==== DATA EXCERPTS ====

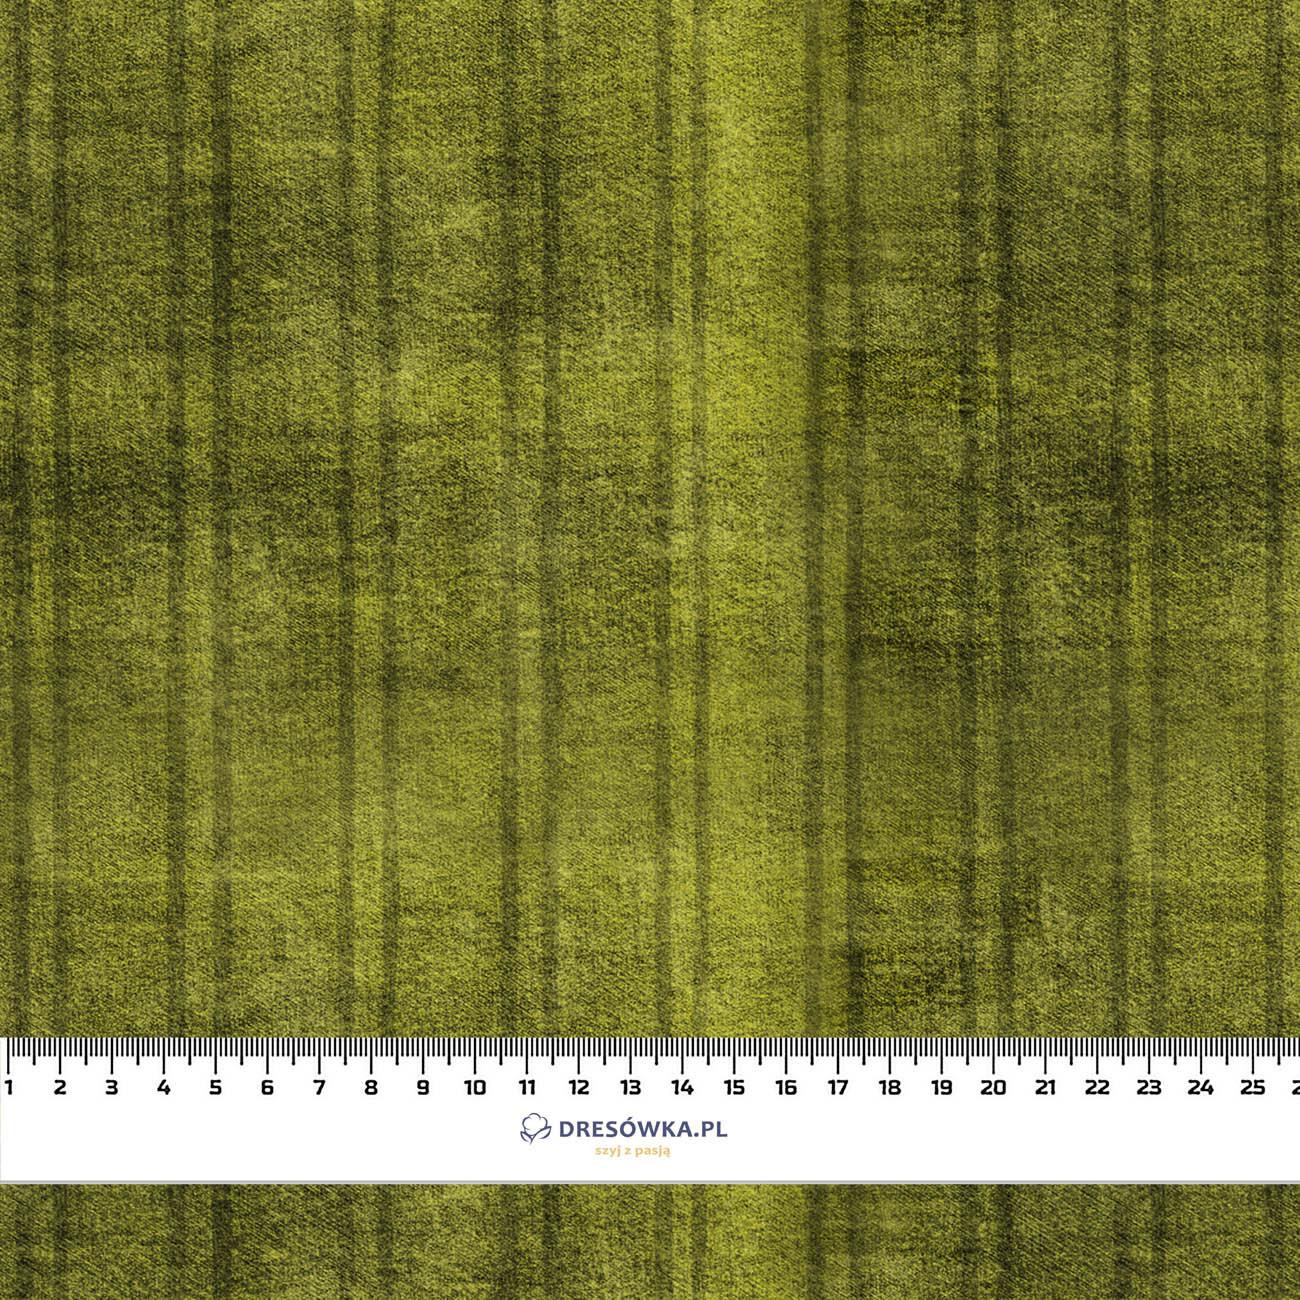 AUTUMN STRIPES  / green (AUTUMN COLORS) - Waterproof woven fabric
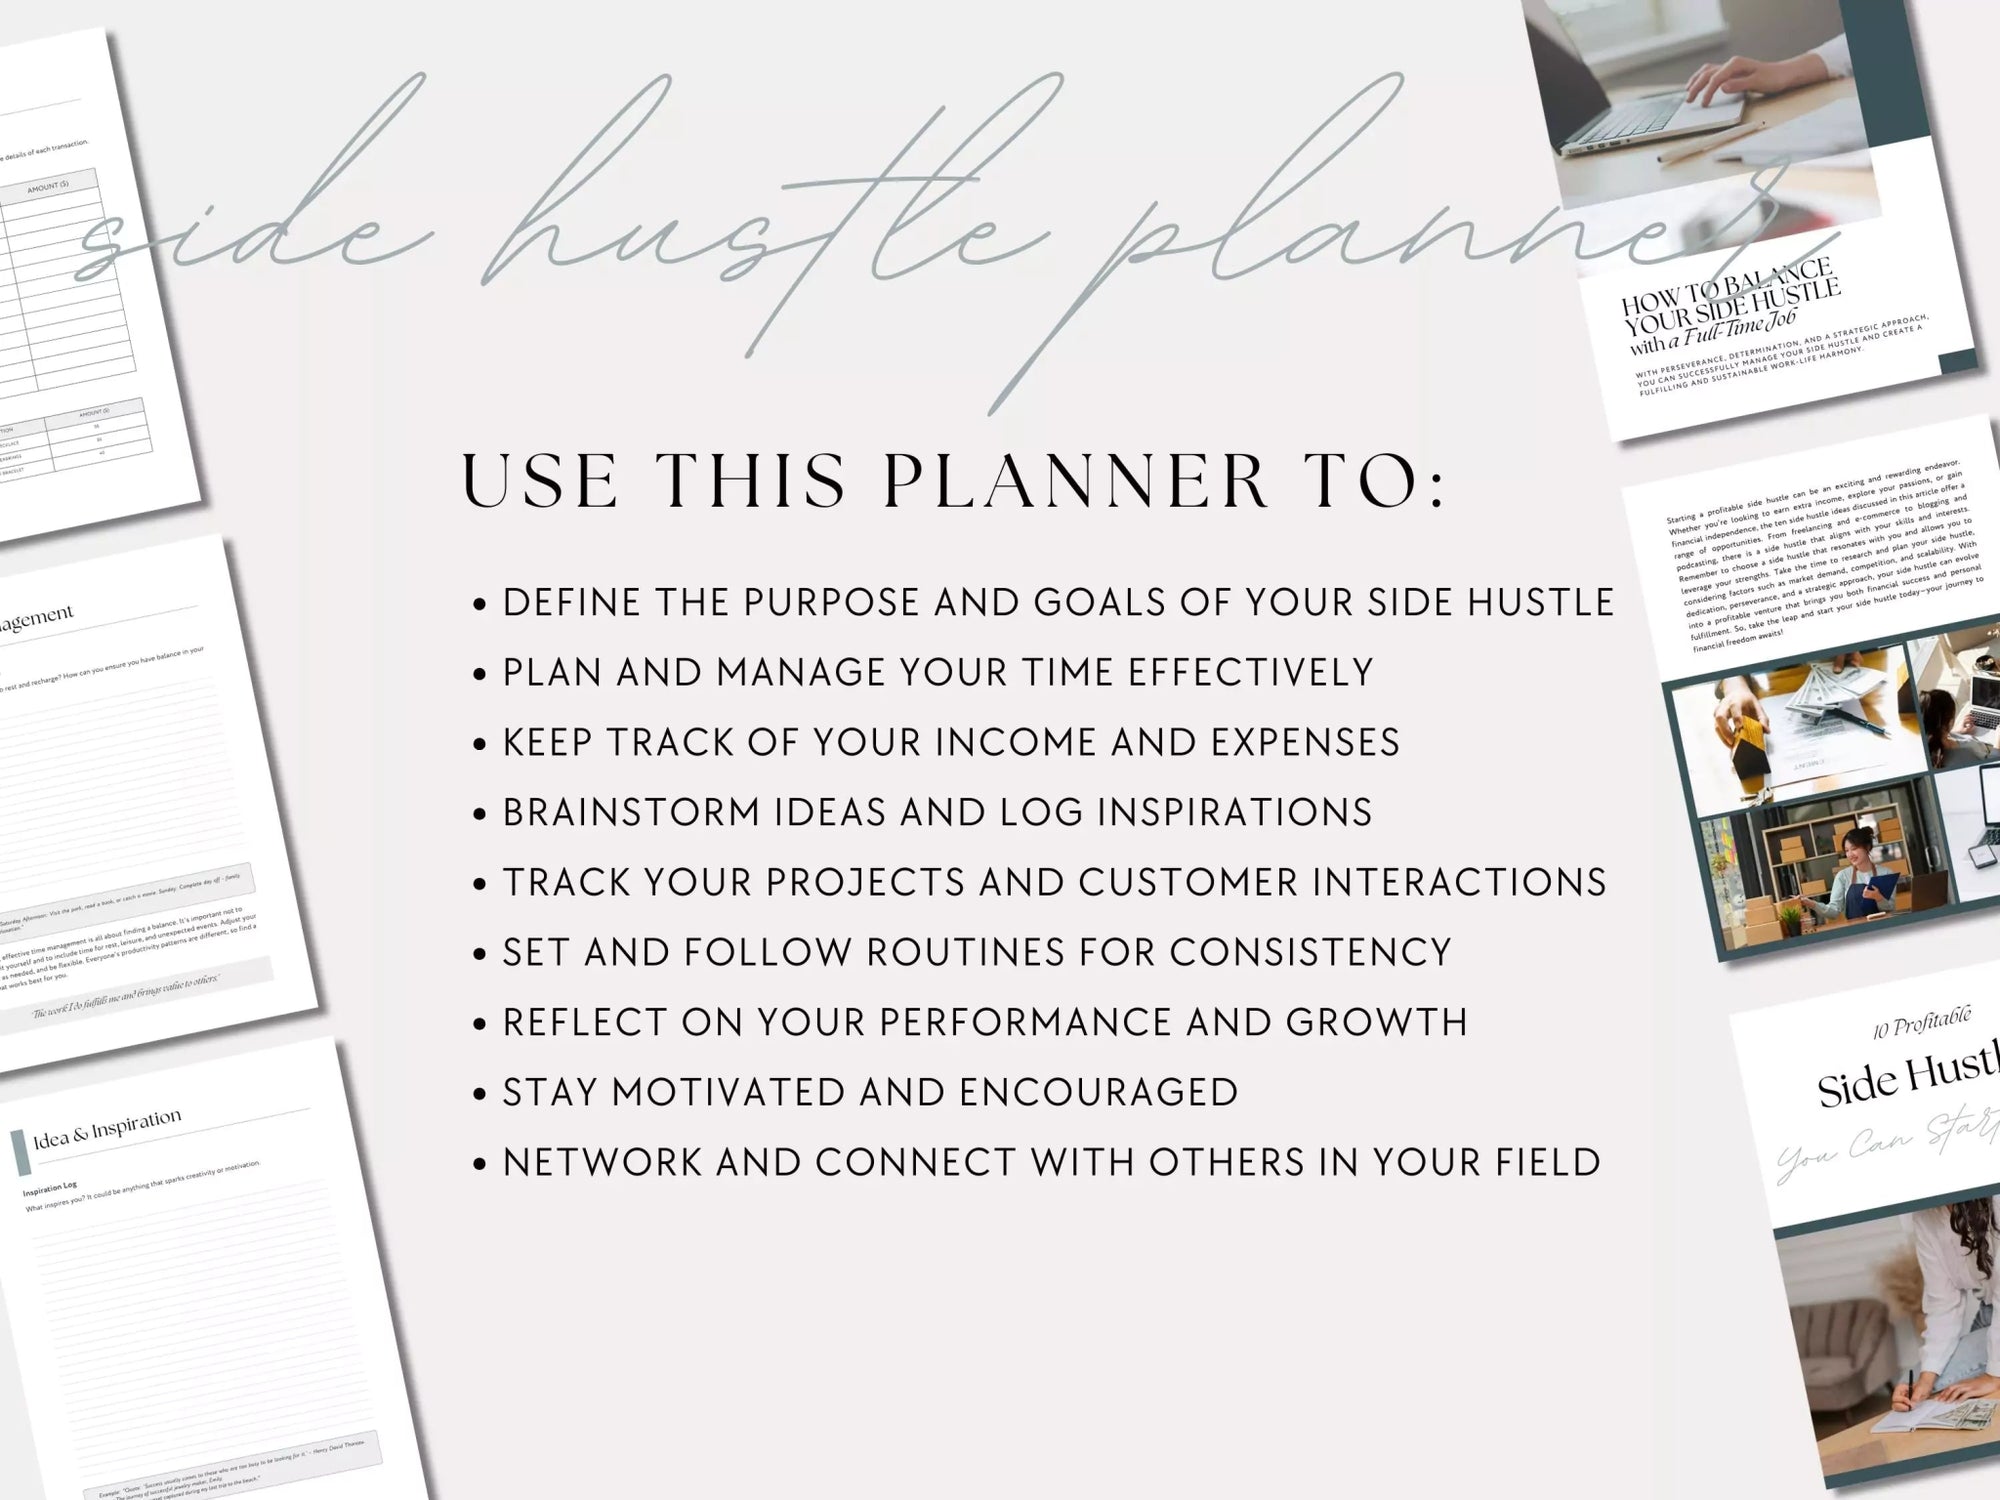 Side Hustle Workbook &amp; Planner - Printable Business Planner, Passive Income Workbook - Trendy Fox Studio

====
==== DATA EXCERPTS ====

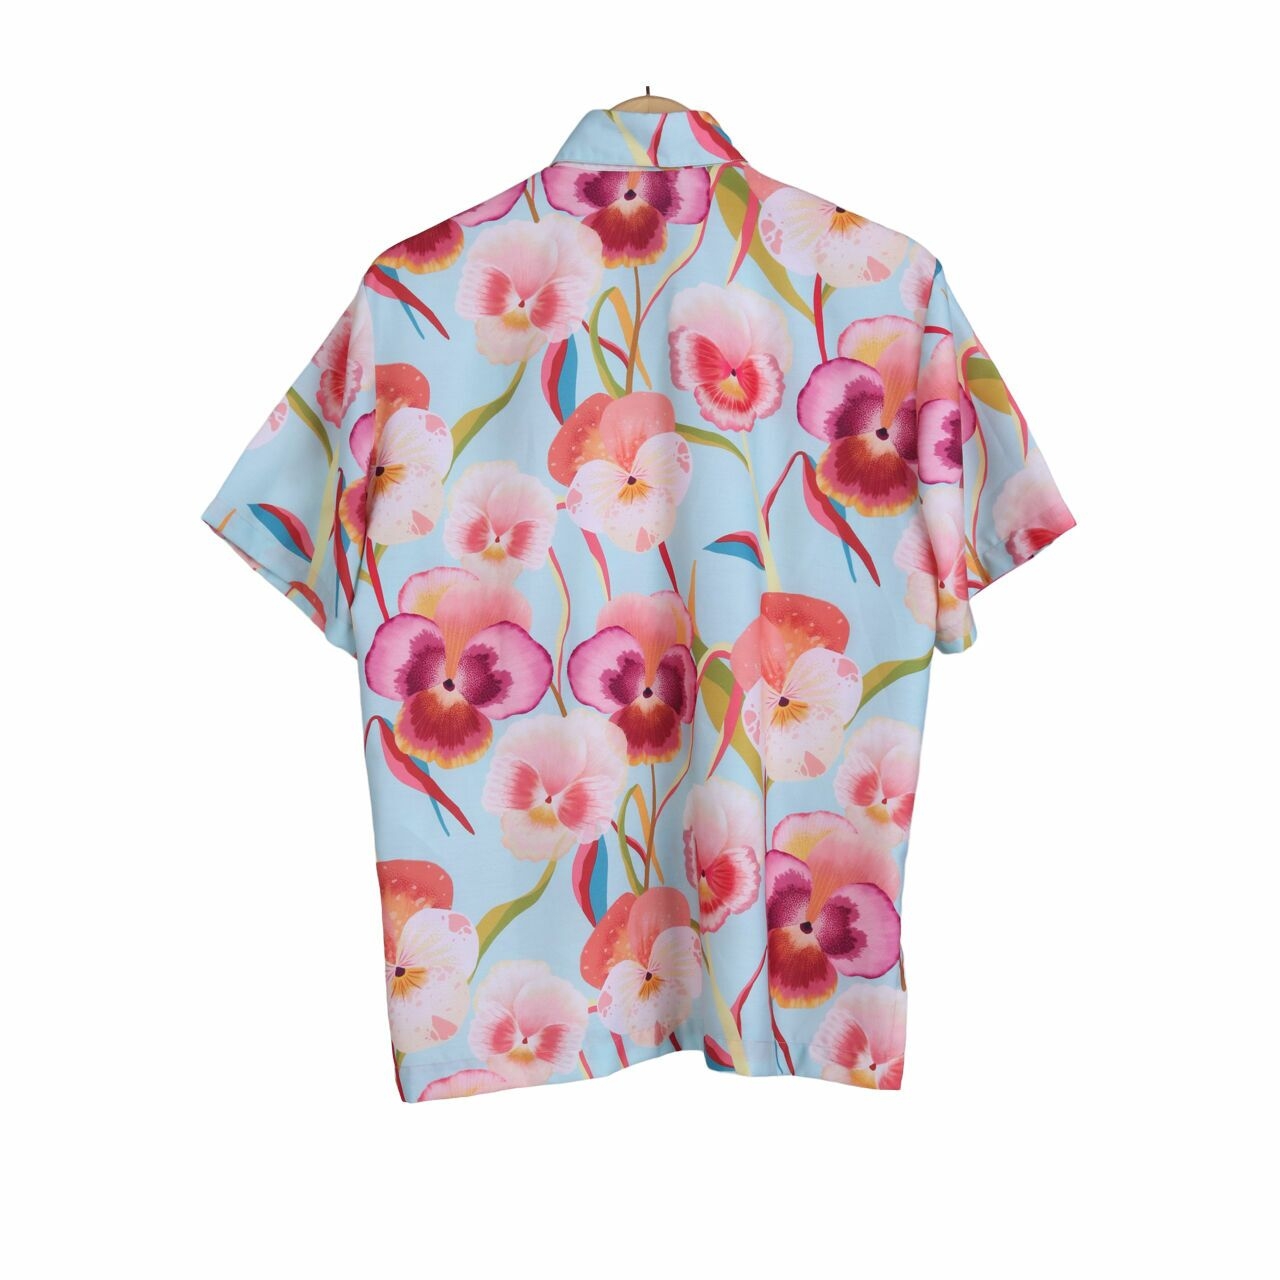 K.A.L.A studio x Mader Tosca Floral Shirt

====
==== DATA EXCERPTS ====

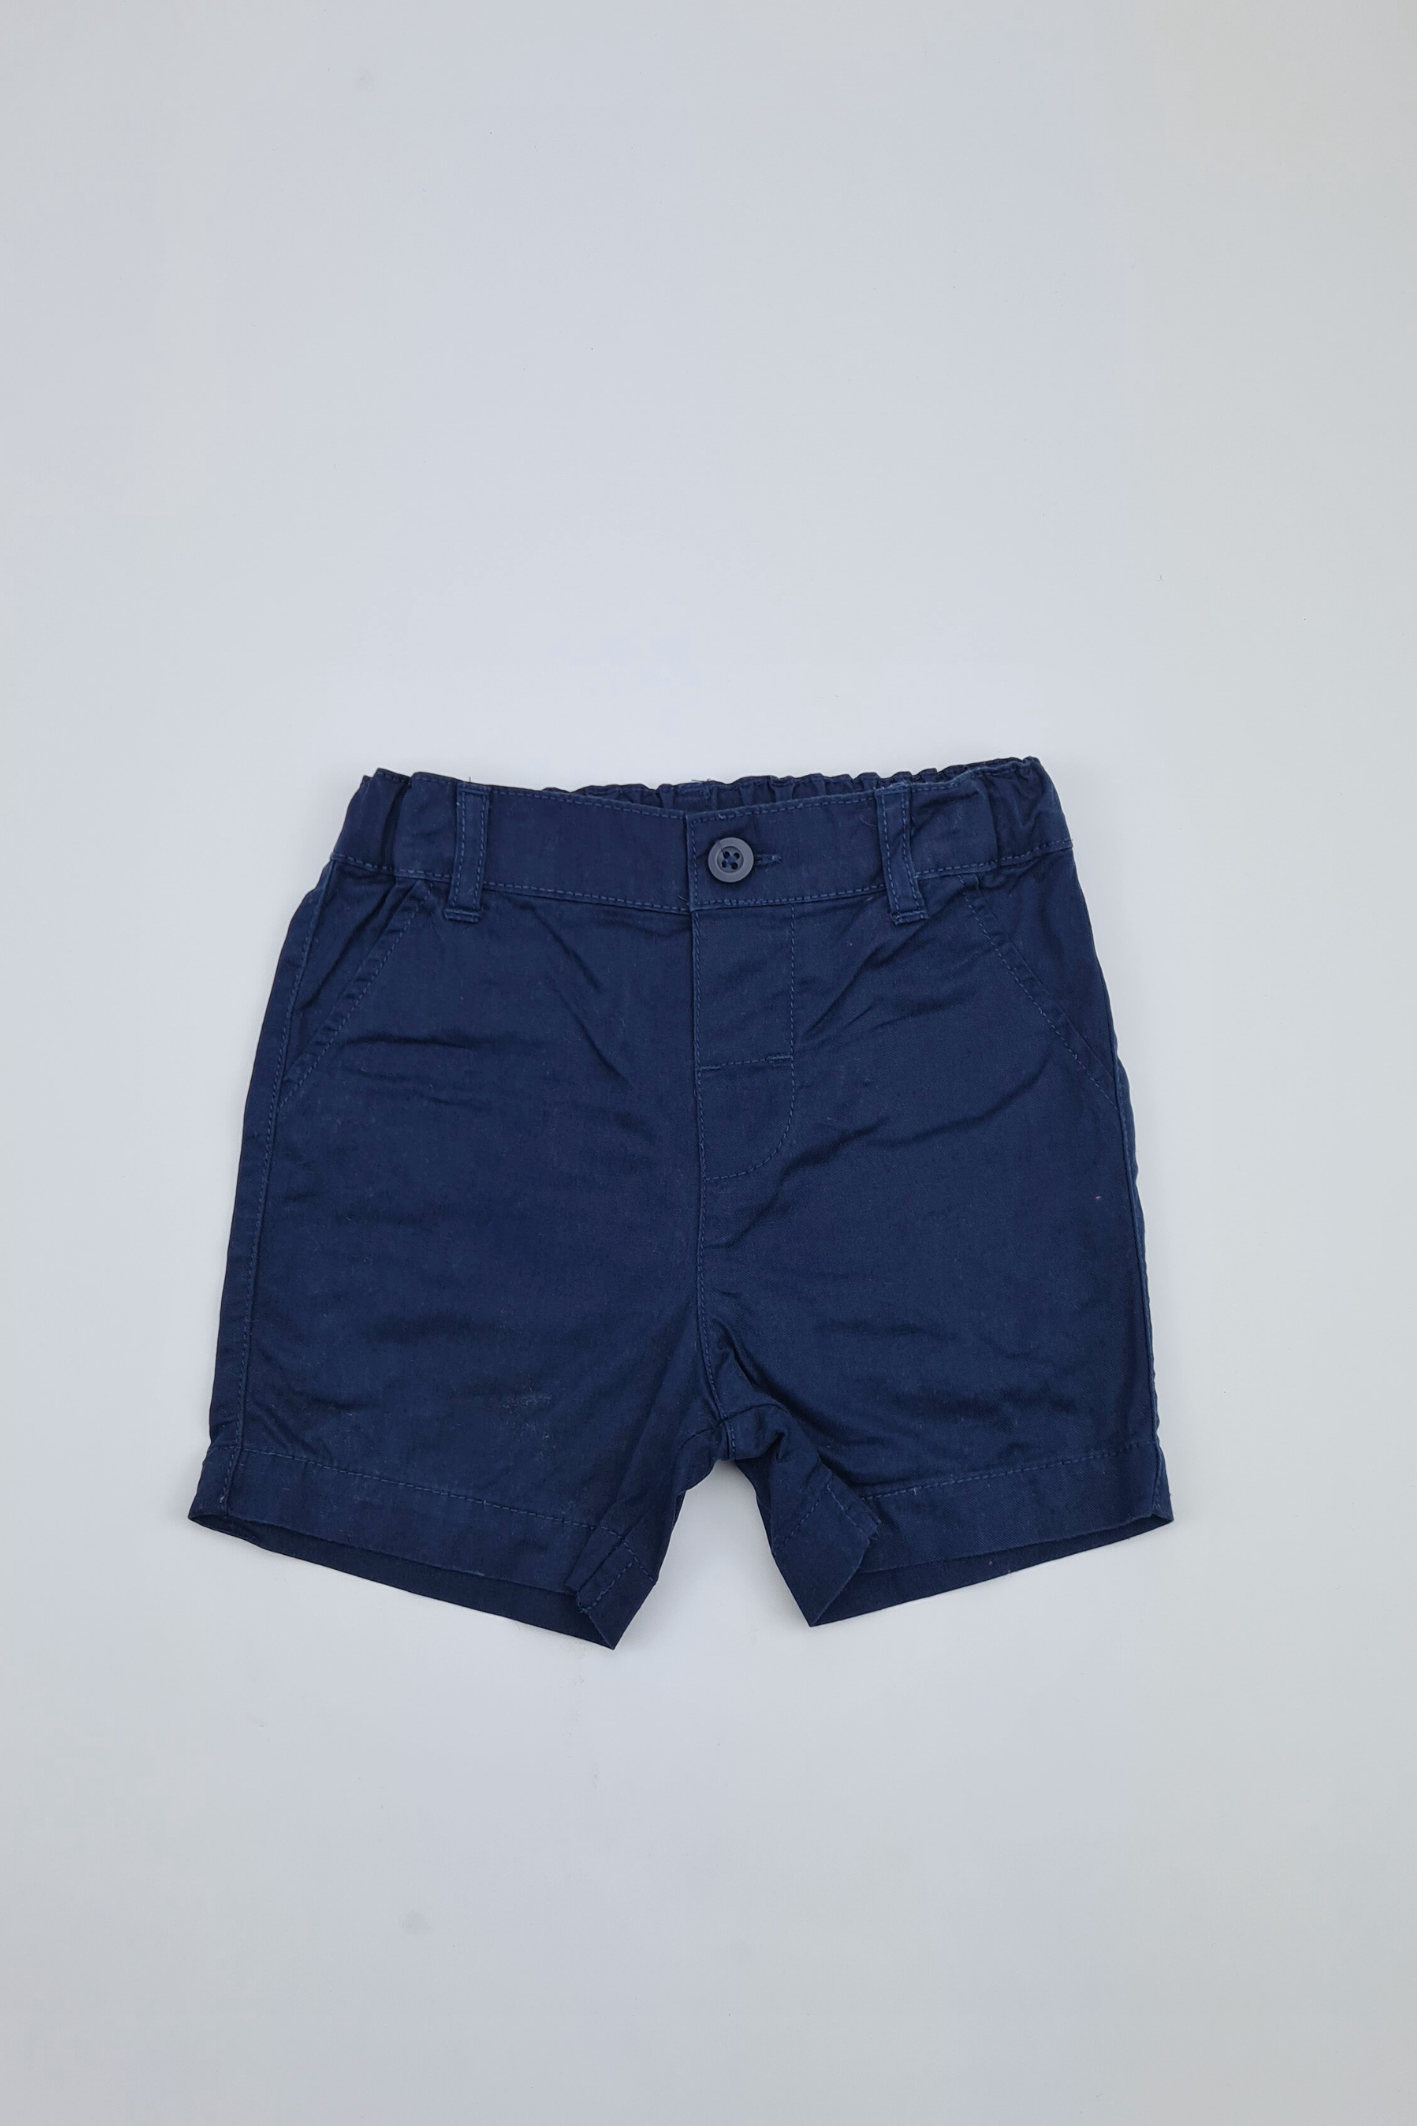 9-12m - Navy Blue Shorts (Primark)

====

> _WORK INSTRUCTIONS_
Word for word, retype the lines in the entries above that run from the one with "Waterproof woven fabric" through the one with "Side Hustle Workbook". Both ends count; pictures do not.

> _SOLUTION BELOW_
 AUTUMN STRIPES  / green (AUTUMN COLORS) - Waterproof woven fabric
 Side Hustle Workbook &amp; Planner - Printable Business Planner, Passive Income Workbook - Trendy Fox Studio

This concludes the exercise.